**DESCRIPTION OF THE TASK:** Every line below between the one holding "Levin Furniture Glassdoor reviews." and the one holding "antonvalensnl-high-resolution-logo-transparent", inclusive, should be copied exactly, and no other line.

**AVAILABLE DATA:**
══════════════════════════════

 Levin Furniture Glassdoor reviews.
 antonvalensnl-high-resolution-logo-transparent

══════════════════════════════

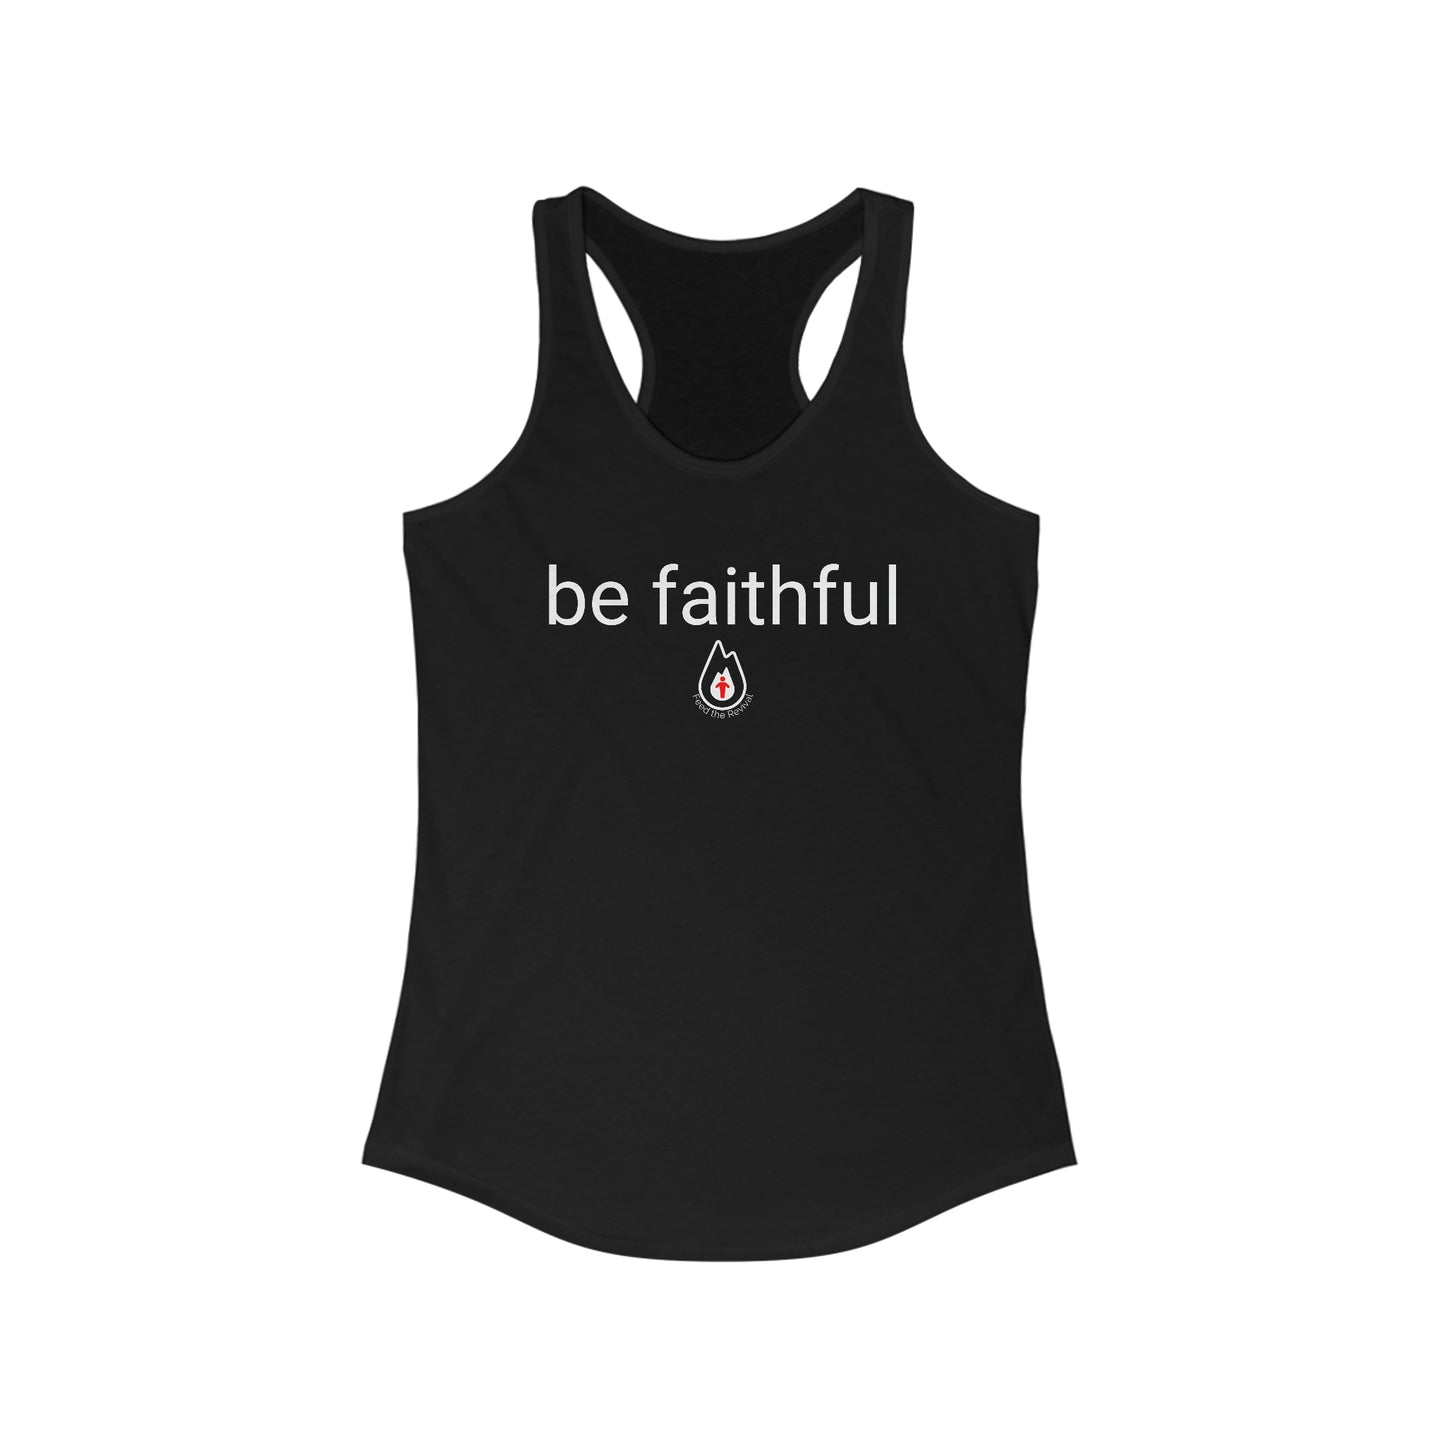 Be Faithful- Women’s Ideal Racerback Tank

══════════════════════════════

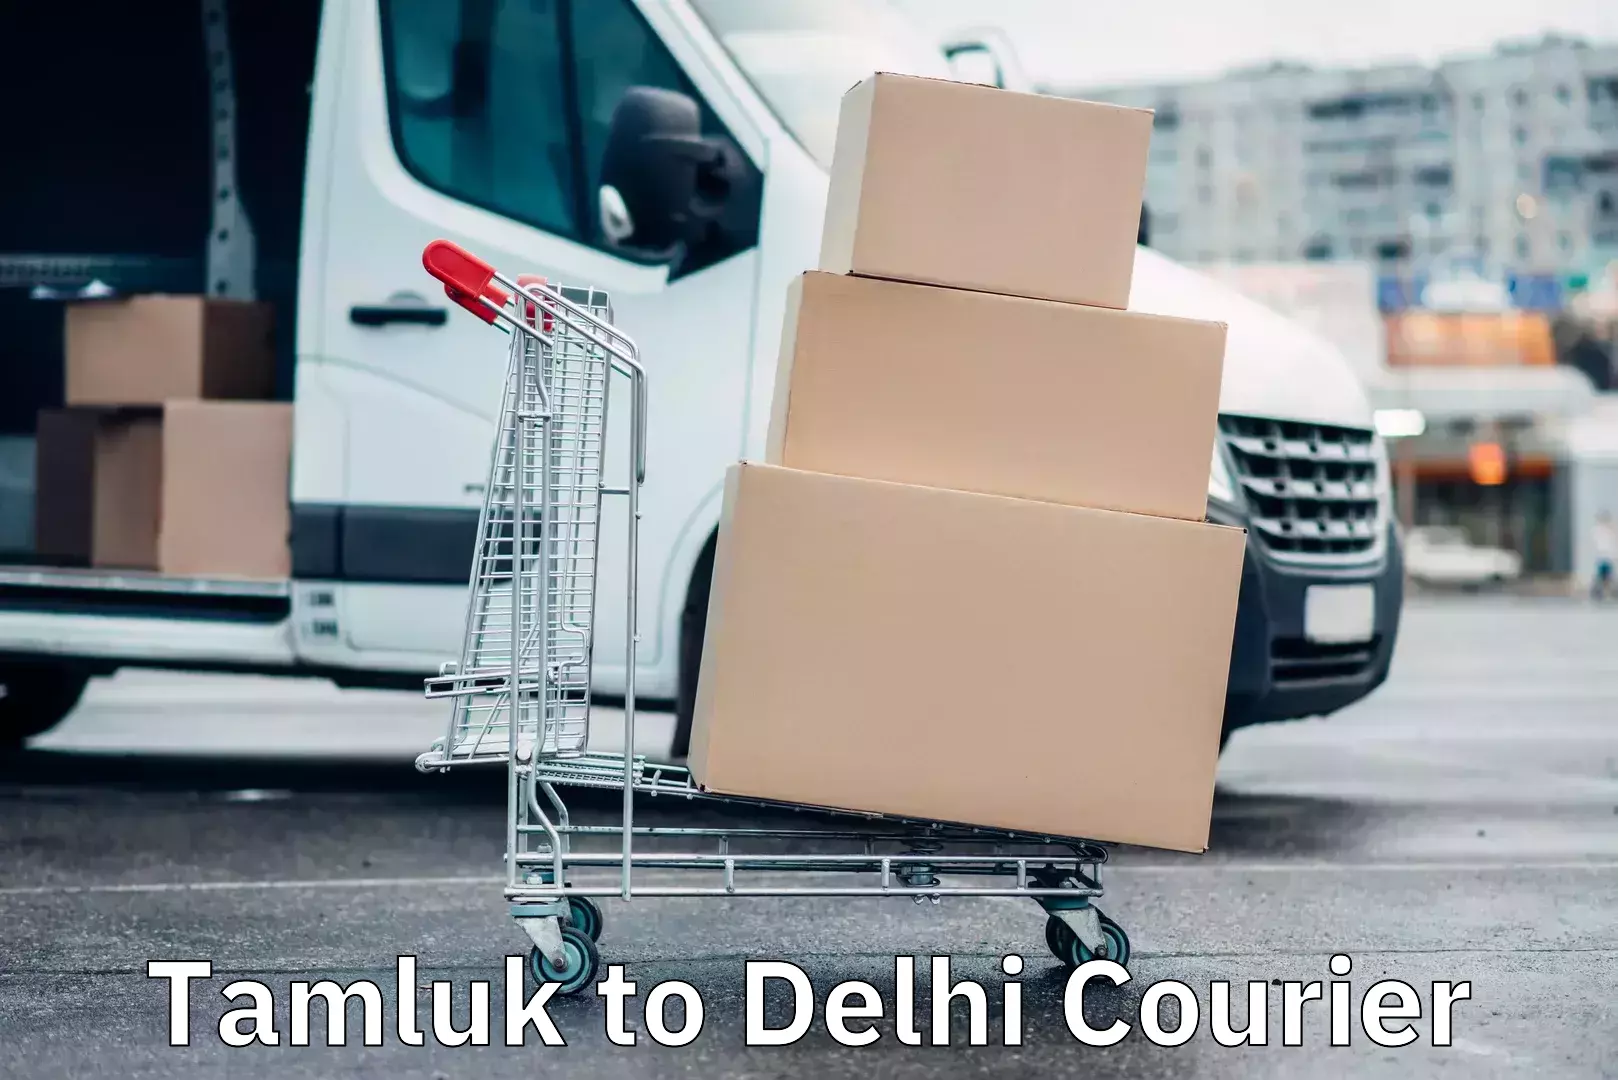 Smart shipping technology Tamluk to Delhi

══════════════════════════════

**COMPLETED TASK:**
 Levin Furniture Glassdoor reviews.
 antonvalensnl-high-resolution-logo-transparent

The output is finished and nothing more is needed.